Kiowa Roukema (born 3 December 1999), professionally known as YoungKio, is a Dutch record producer and songwriter. He is best known for producing "Old Town Road", by American rapper Lil Nas X in 2019. Since the rise in popularity of "Old Town Road", YoungKio signed to Victor Victor Worldwide, Universal Music Publishing Group and French record producer CashMoneyAP's record label and production collective Cash Gang.

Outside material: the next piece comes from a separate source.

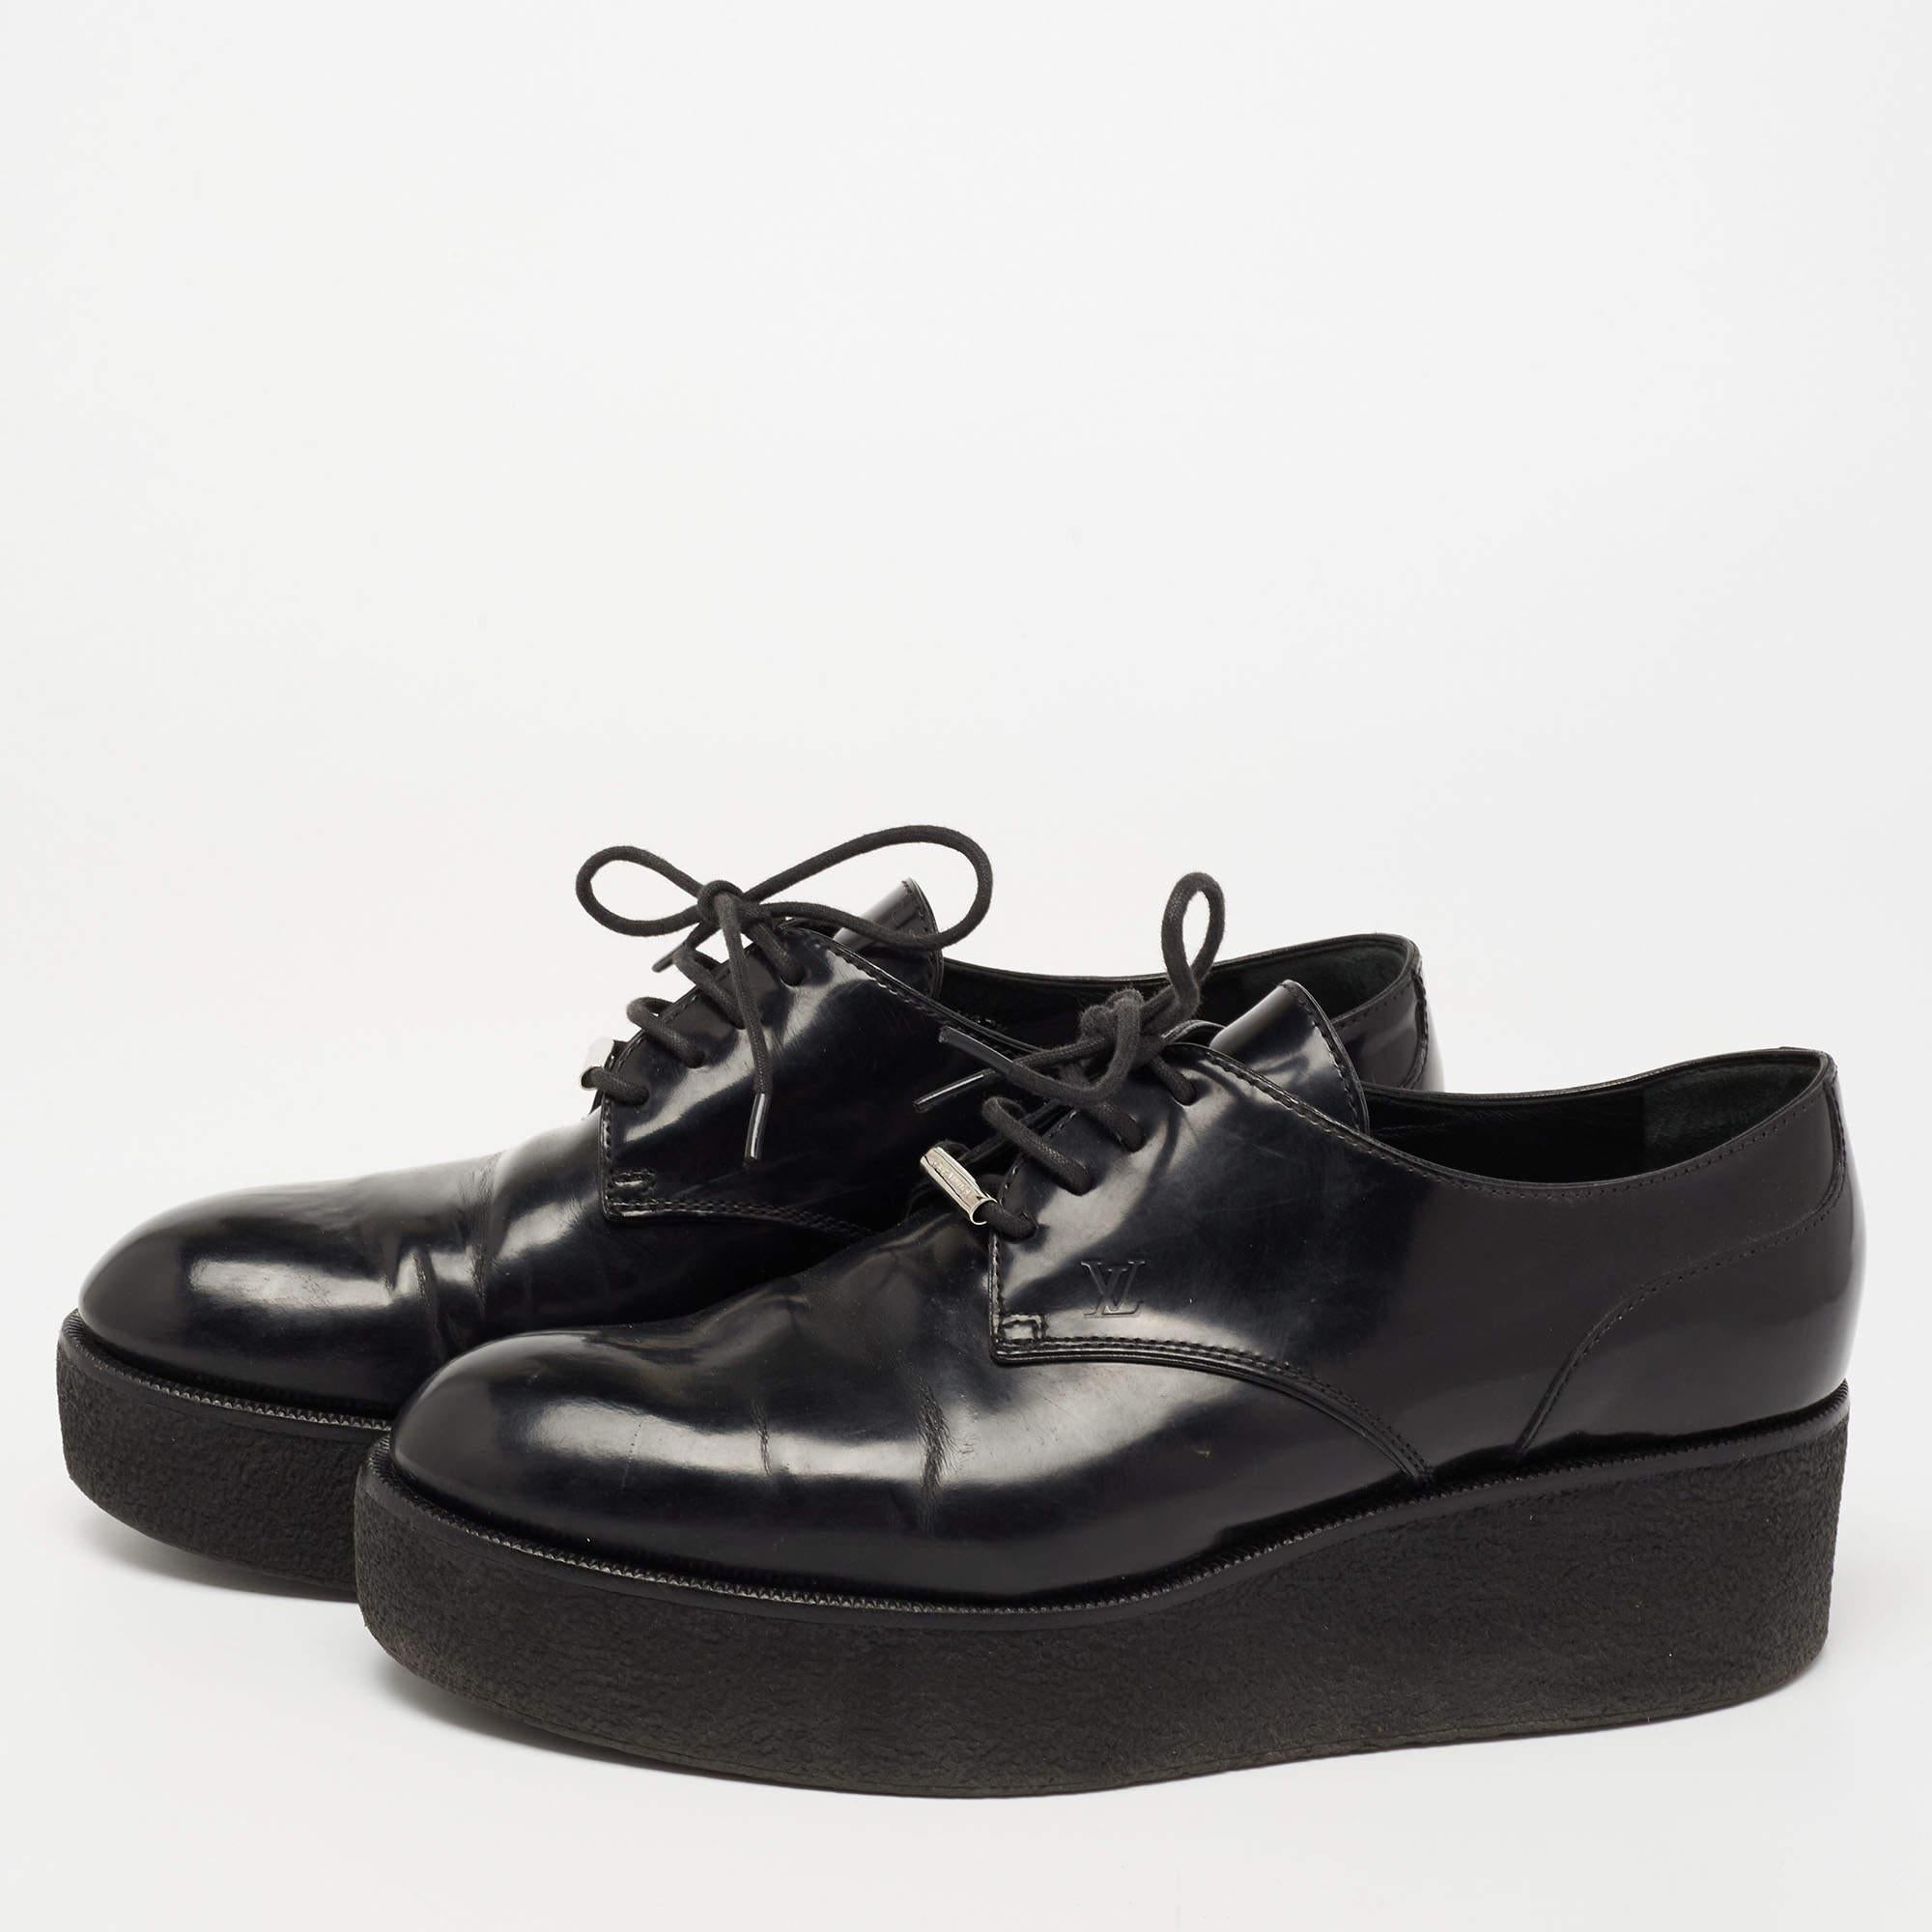 Louis Vuitton's timeless aesthetic and stellar craftsmanship in shoemaking is evident in these oxfords. Crafted from leather, the uppers are equipped with lace ties and the shoes are finished with platforms and durable rubber soles.

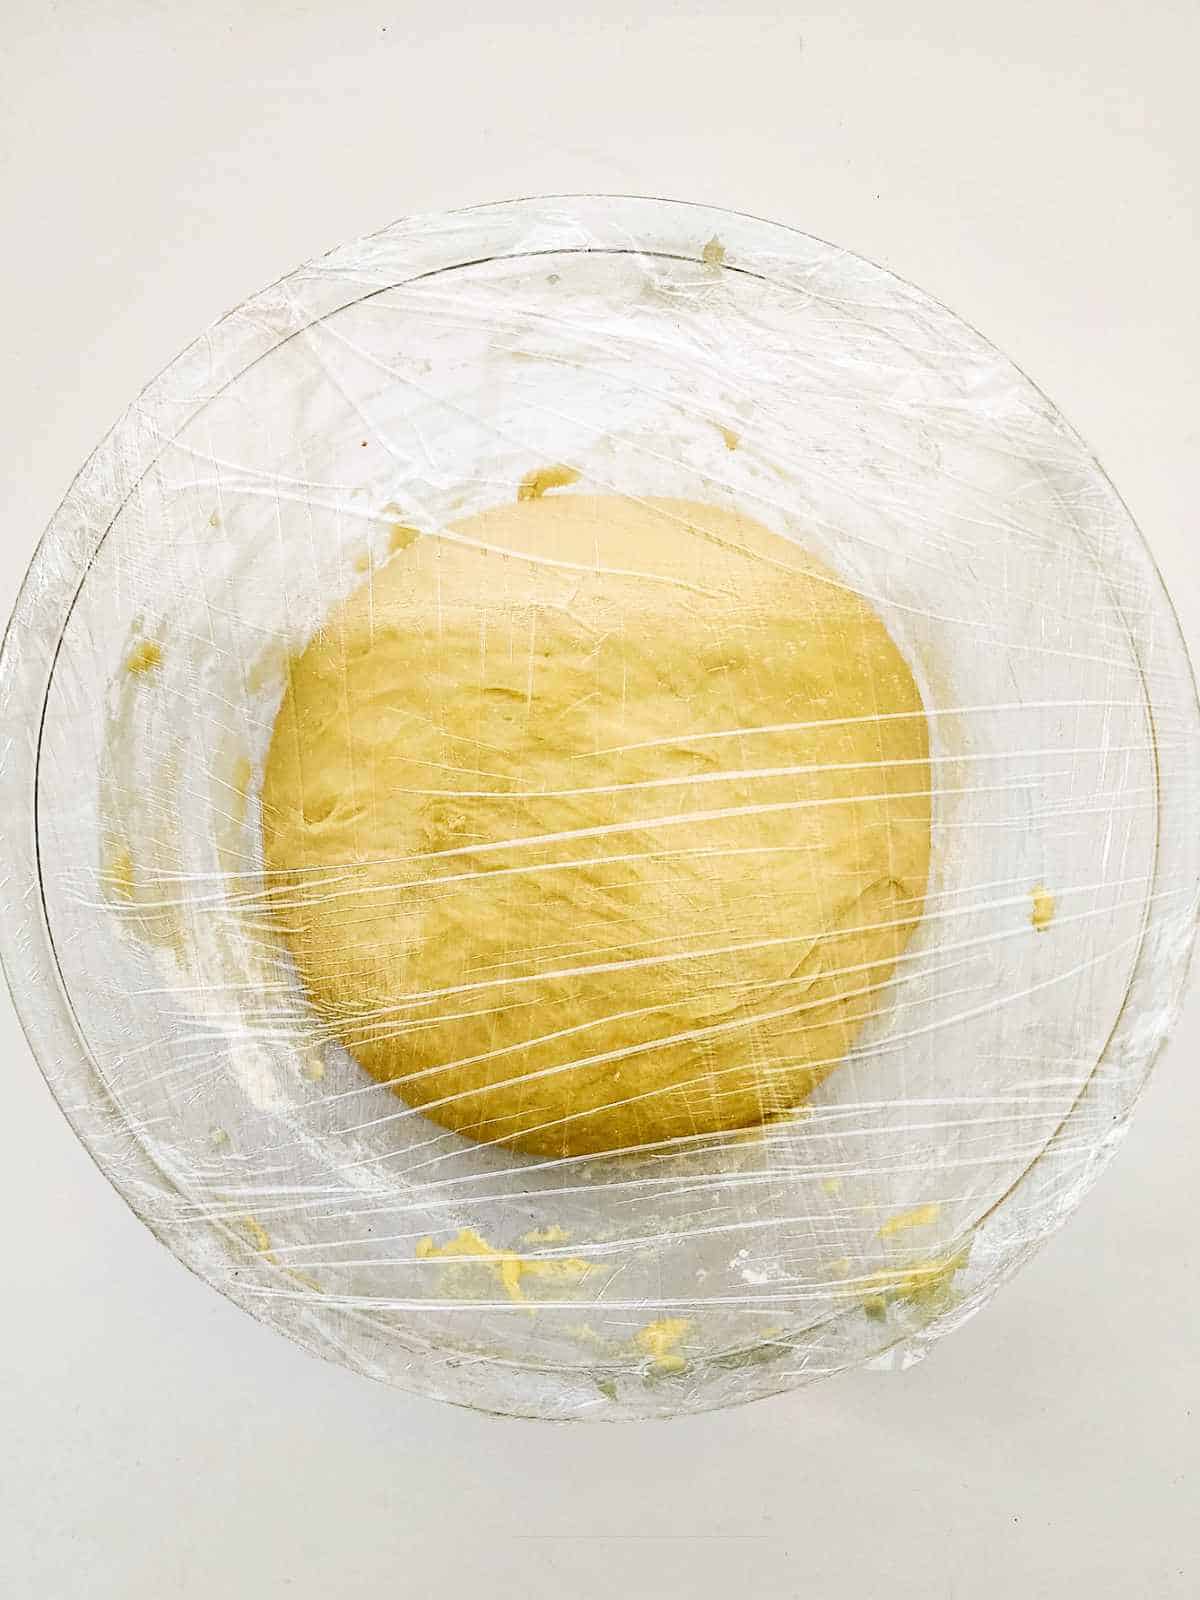 ball of dough in a bowl with plastic film cover while rising to double it's size.

He is of Surinamese descent.

Career
YoungKio first started producing beats in 2016. He began producing on the popular digital audio workstation FL Studio, which his friend gifted to him. YoungKio's early and current influences include producers Wheezy and TM88. He later stated, "In my opinion, I became good at it pretty fast." He began posting his type beats on YouTube and sold leases for $30. With this money, he saved up to purchase a year-long membership to the beat store hosting platform BeatStars.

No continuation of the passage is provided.